# 2.4Ghz Aristo-Craft TE reciever in a LGB Stainz



## Mr Magoo (Mar 1, 2008)

Can anyone tell me if you can connect the Aristo-Craft TE reciever in a LGB Stainz and if so how would I go about it?

Regards
Wayne


----------



## Axel Tillmann (Jan 10, 2008)

In principal yes, but with the Stainz you need to fight for the space. This is a very compact little engine and most of its hollow space is filled with weight. At the minimum you have to rip out the default electronic board by LGB because you need that space. Do you also want sound in the engine?


----------



## Mr Magoo (Mar 1, 2008)

Hi Axel,
I have sound set up in a tralling car, so that is not a problem. Also I can place the reciever in the cab if need be

Regards
Wayne


----------



## Axel Tillmann (Jan 10, 2008)

So then the question left - can you do it yourself?


----------



## Mr Magoo (Mar 1, 2008)

I should have no truoble doing it myself

Wayne


----------



## Greg Elmassian (Jan 3, 2008)

If you are using track power, be sure to leave room for the cap board:










It's larger than the receiver....


Regards, Greg


----------



## Axel Tillmann (Jan 10, 2008)

Then this should be pretty straight forward, but not plug & play. You will have to run the wires manually and then solder them to the TE receiver.


----------



## George Schreyer (Jan 16, 2009)

Electrically, it is straightforward. Mechanically, not so much. The Staintz is one difficult bugger to get inside so that you can separate the motor contacts from the power pickups. 

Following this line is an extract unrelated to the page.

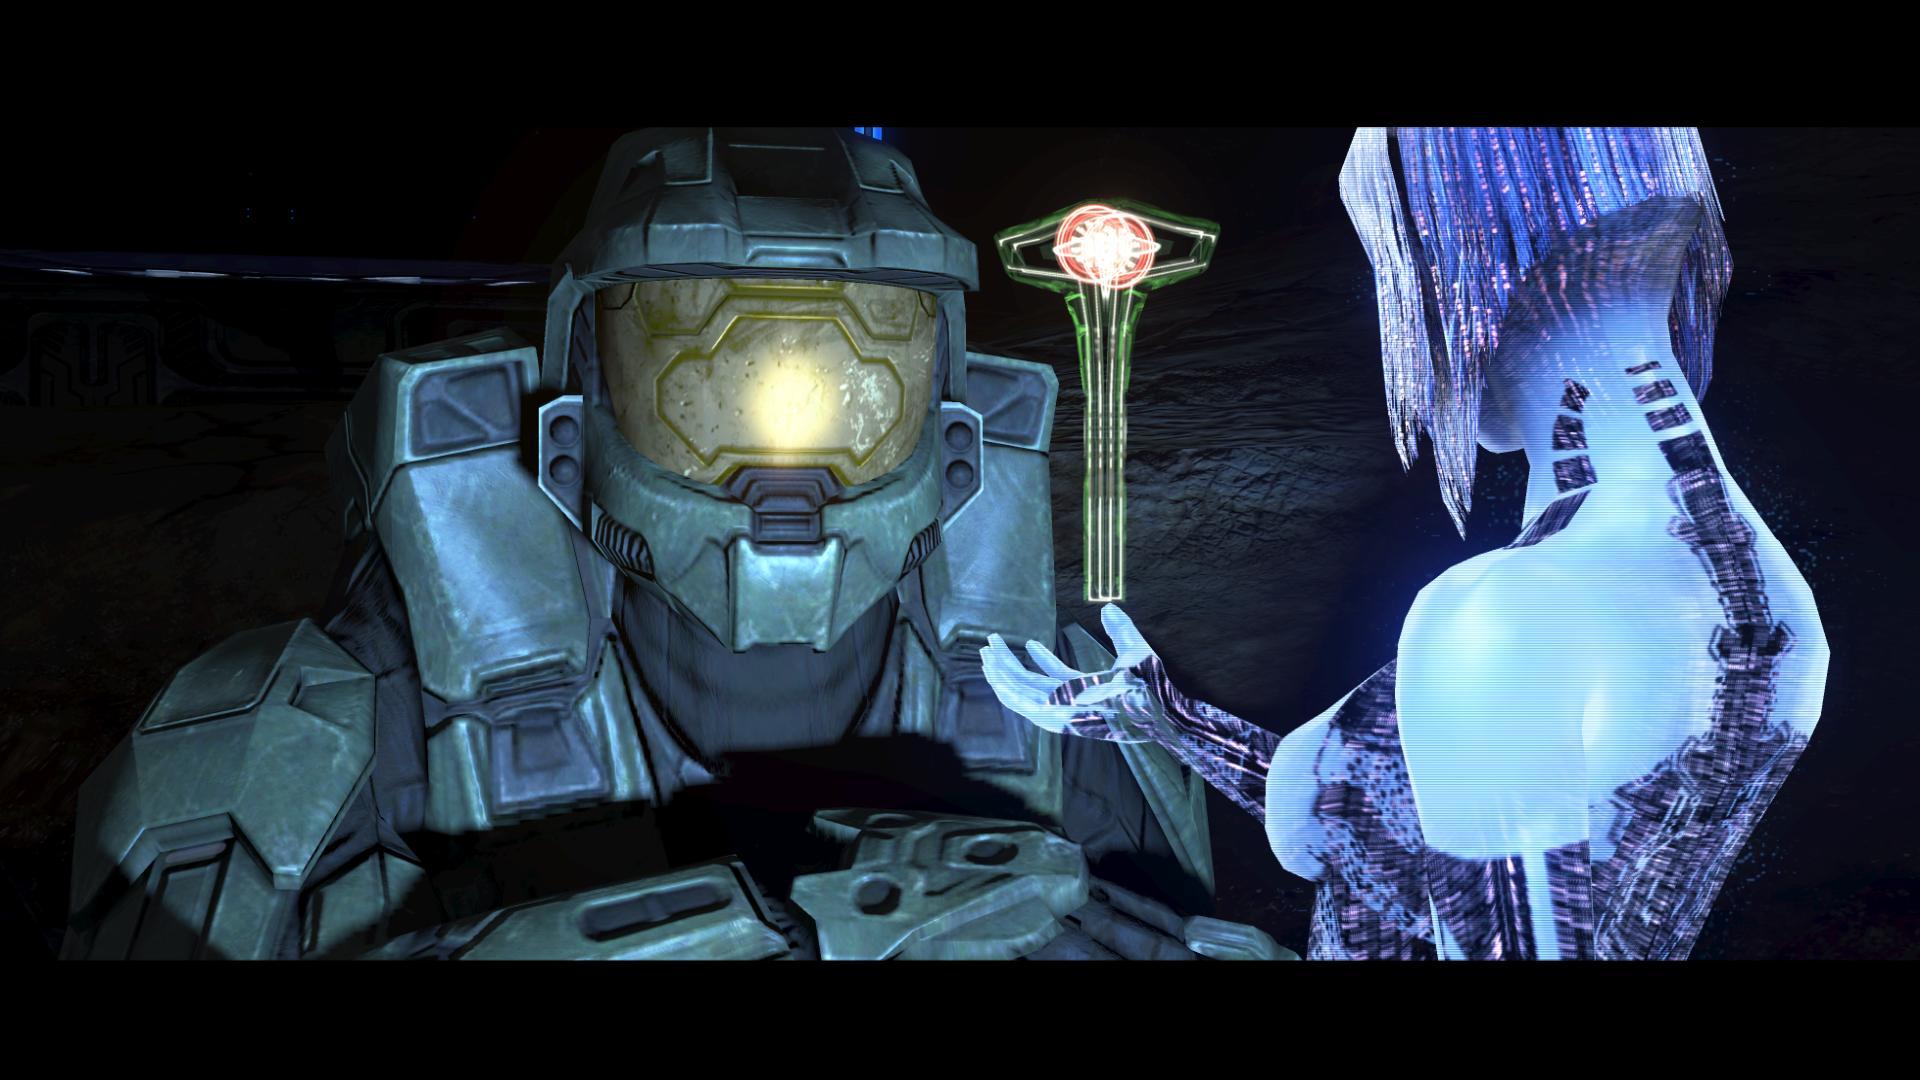 Halo 3 Hd Wallpaper Background Image 1920x1080 Id 75150

Link here to a DCC conversion with all the electronics in a powered tender 

http://www.girr.org/girr/tips/tips9/lgb_2017_tips.html


----------



## Dan Pierce (Jan 2, 2008)

Over the years, many different stainz were made and there are several different wiring versions. 

If there is a D on the bottom of the engine, then it has the motor separated from the track power and is called the D version whereas the engine shown at George's site is the 3 wire version and the motor lead is tied to one wheel. 

Give us the model number located on the bottom of the engine and suggestions can be more accurate in how we can help. 
This is a 4 or 5 digit number and should start with a 2 for LGB (Toytrain line started with a 9 in the 5 digit number)


----------